Q: How did you get those shots of the High Line back when it was a derelict elevated railroad track?
MC: I snuck up onto the tracks. It was terrifying and exhilarating. Laden with camera bags and equipment I negotiated over, through, under, around fences, barbed wire, tracks, vegetation, peopleŠ.it was amazing.
Q: Did you originally envision pairing Venice and rural America in one show?
SSC: Not really. Maria and I talked about the show and landed on the theme of Place. If you look up the word “place” in the dictionary it has so many definition, ranging from spacial location to temporal existence. And there is something about photography that is both spacial and temporal. You are really capturing not just the geographical location as a subject but it is also capturing the specific moment that the exposure was taken. Plus, our work is very different from one another, while we are both capturing places in our work, stylistically and subject-wise there is quite a difference. So the theme of “Place” was a nice overarching theme that allowed us to both showcase our work. So we both went off and did our thing based on the theme.

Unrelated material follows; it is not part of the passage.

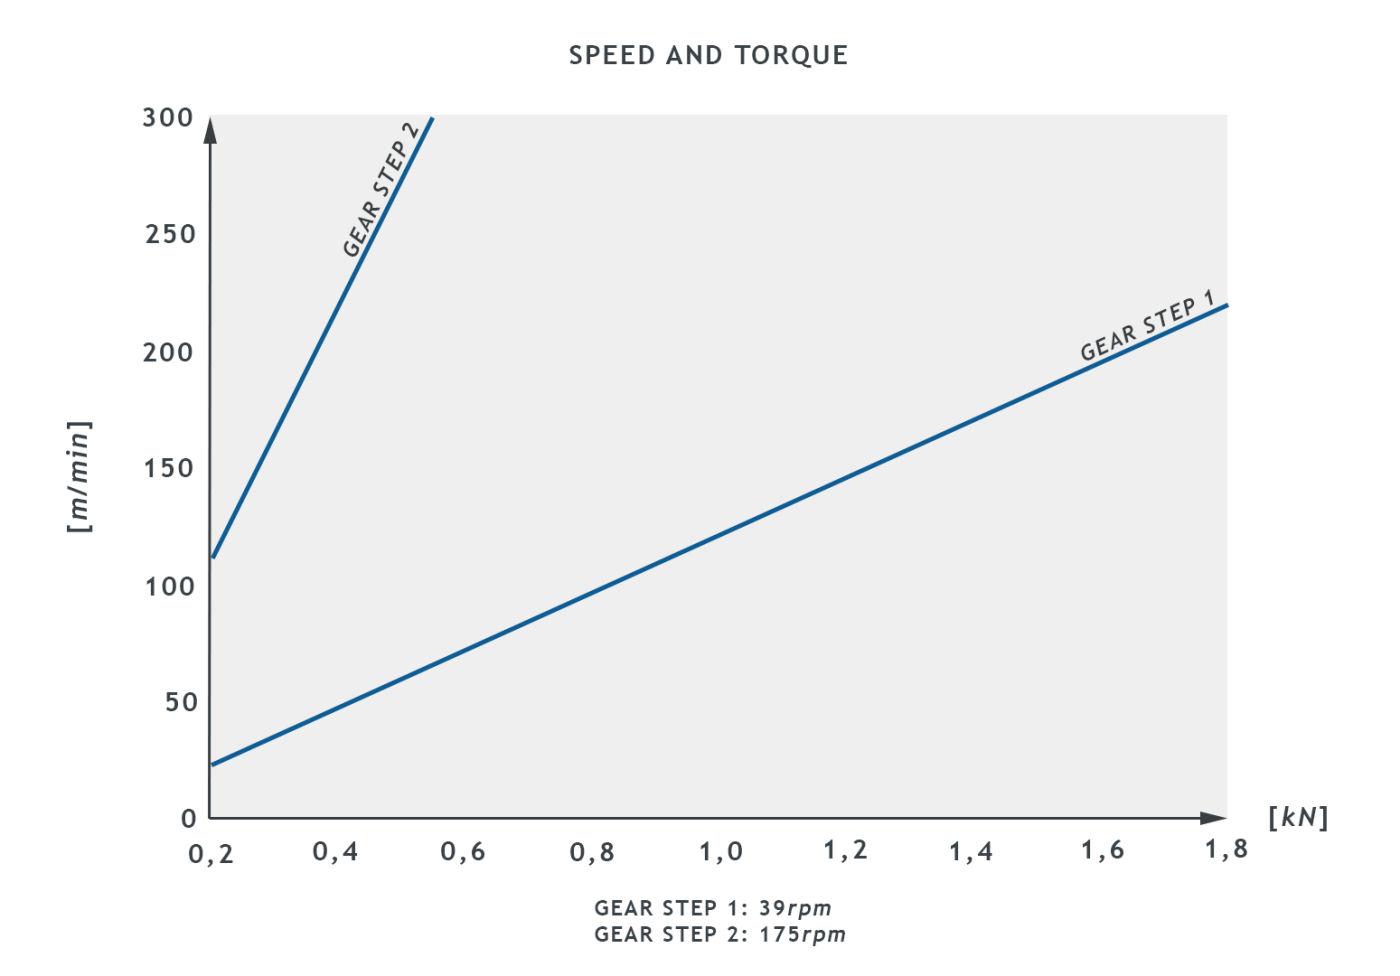 AVR6_SB0405002_SpeedTorque_graph1.jpg

Q: “Sidewalk Trash” was particularly engaging. Can you explain (again) how you got those images?
MC: “Sidewalk Trash” was taken with a multi-lens lomographic camera. There are four lenses and one shutter so you end up with this subtle, split second movement between images. The final image is actually one 35mm print comprised of four small images. It reminds me of a flipbook.
Q: I noticed “Umbrellas” had three dots on it, indicating it sold three times, last night. What do you think attracted visitors to the image, Steven?

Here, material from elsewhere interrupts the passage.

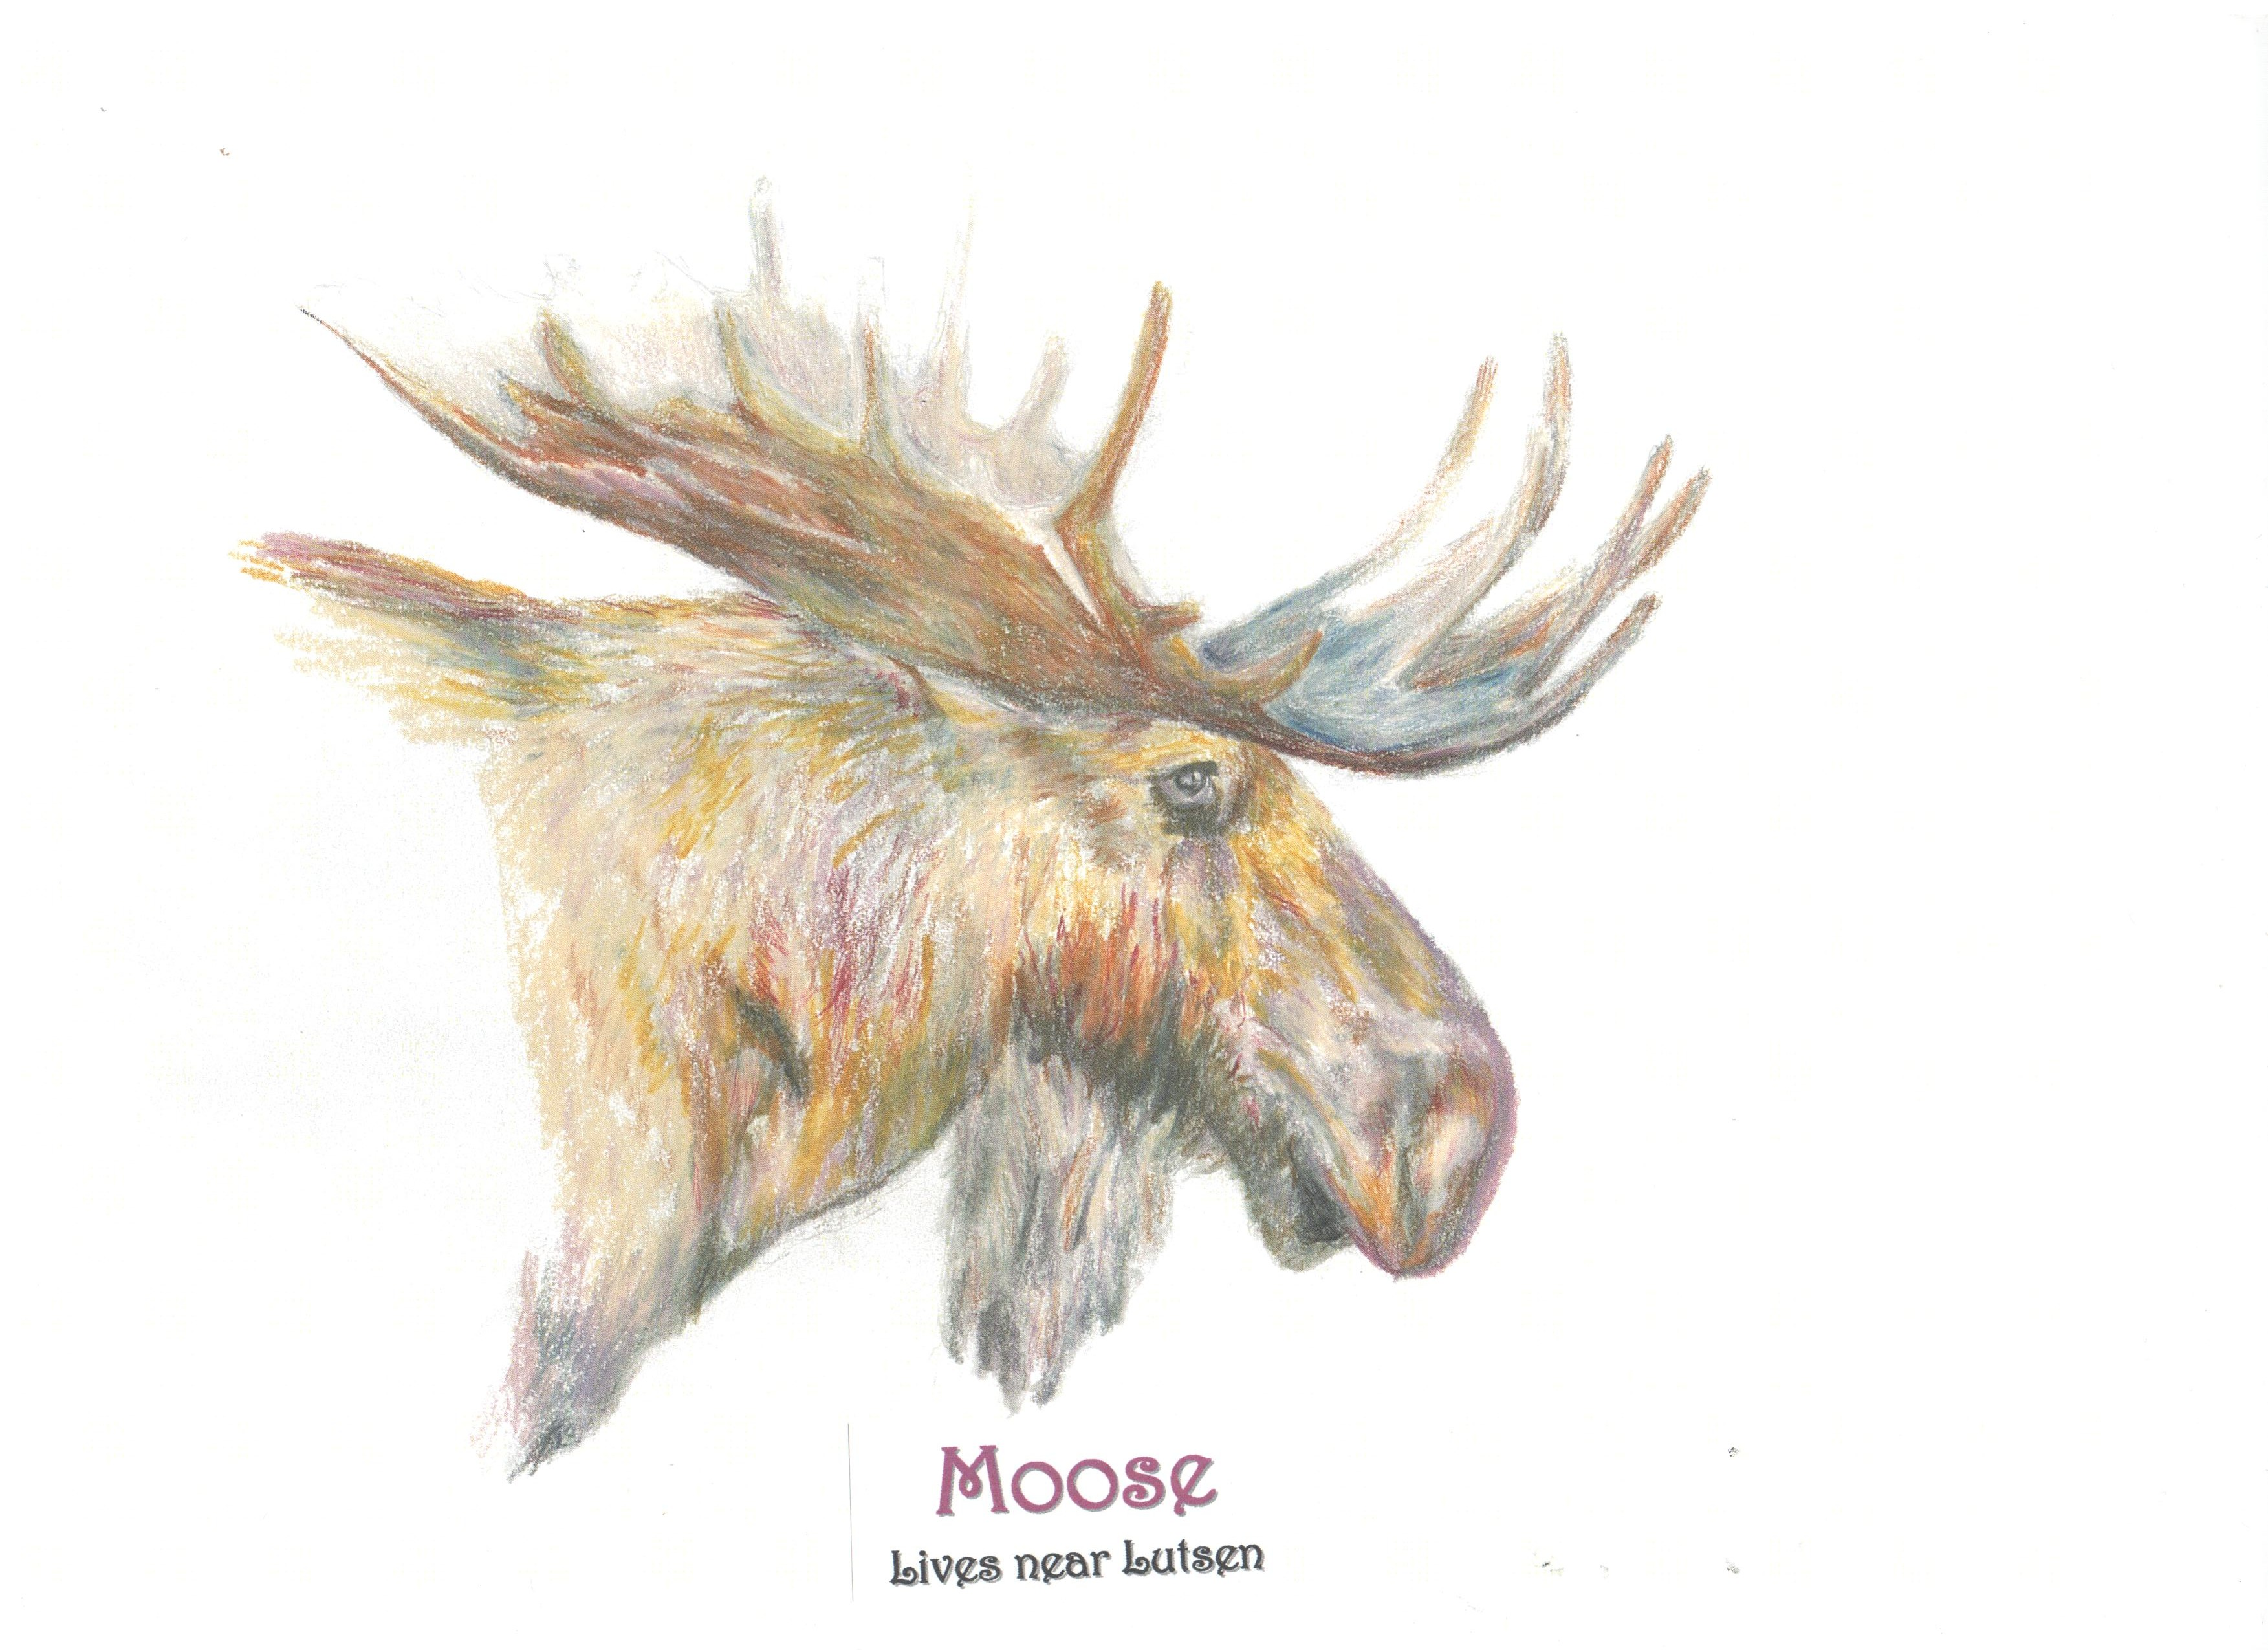 3506x2550 Moose Pencil, Watercolor Pencil Sketches By Jane Selstad

SSC: I think there is something about the geometry to that piece that really pulls people in. The strong blue stripes of the umbrellas set against the neutral color of the sand has a nice pop to it.

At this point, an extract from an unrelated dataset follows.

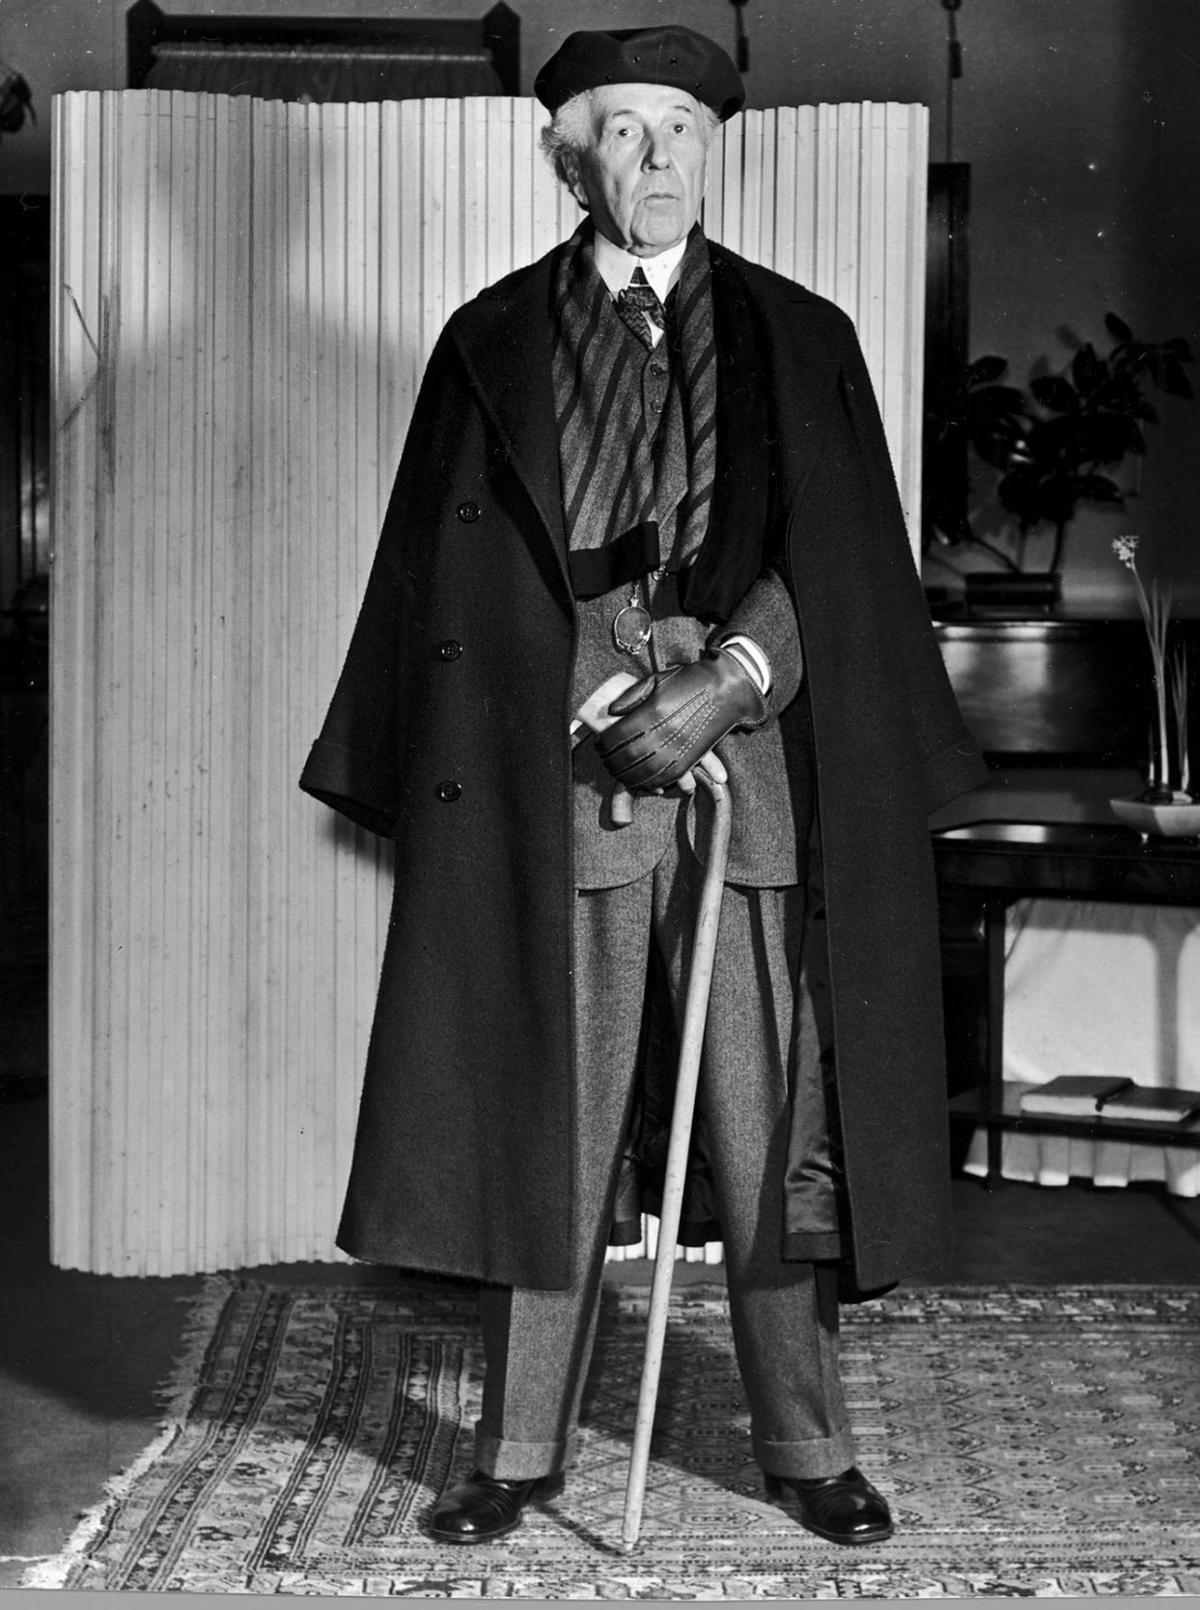 Frank Lloyd Wright, in January 1939 in St. Louis

Q: Putting together such a show must have left you frazzled. Were you able
to enjoy the show?
MC: I was absolutely able to enjoy the show. Steven and I work very well together and the process of putting the show together was actually fun. We were very pleased with the exhibition and the opening was a fantastic culmination of new and old supporters. I had a wonderful time.
Q: Putting together such a show must have left you frazzled. Were you able to enjoy the show?
SSC: I had a great time at the opening. Yeah installing and layout a show is very time consuming. There was a wonderful mix of people in the gallery on Friday, new faces and familiar ones.
Q: Steven, how did you come to juxtapose your images with Maria’s? What was the process?
SSC: Well, we independently selected our images and had them printed and really everything literally came together in the gallery. We laid out the show several different ways before installing the show as you see it now, at one point we separated our work so that she filled one half of the gallery and I filled the other half, but with the difference in sizes and printing substrates it just didn’t feel balanced. So we ended up mixing our works throughout the gallery–we moved things around a lot. I like the way the two different printing processes work next to one another and there is something about pairing her images with mine that makes the scale of some of my landscapes seem much more grand and remote.
Q: What are you working on now?
MC: I am working on a follow-up to the High Line series since it has been turned into an elevated public park. I am also working on a project on local working farms, a series of abstracts and a documentary film about the late New York City restaurateur Mickey Ruskin.
SSC: Right now I am planning a trip to the Galapagos Islands over Thanksgiving and hope to put together show based on that.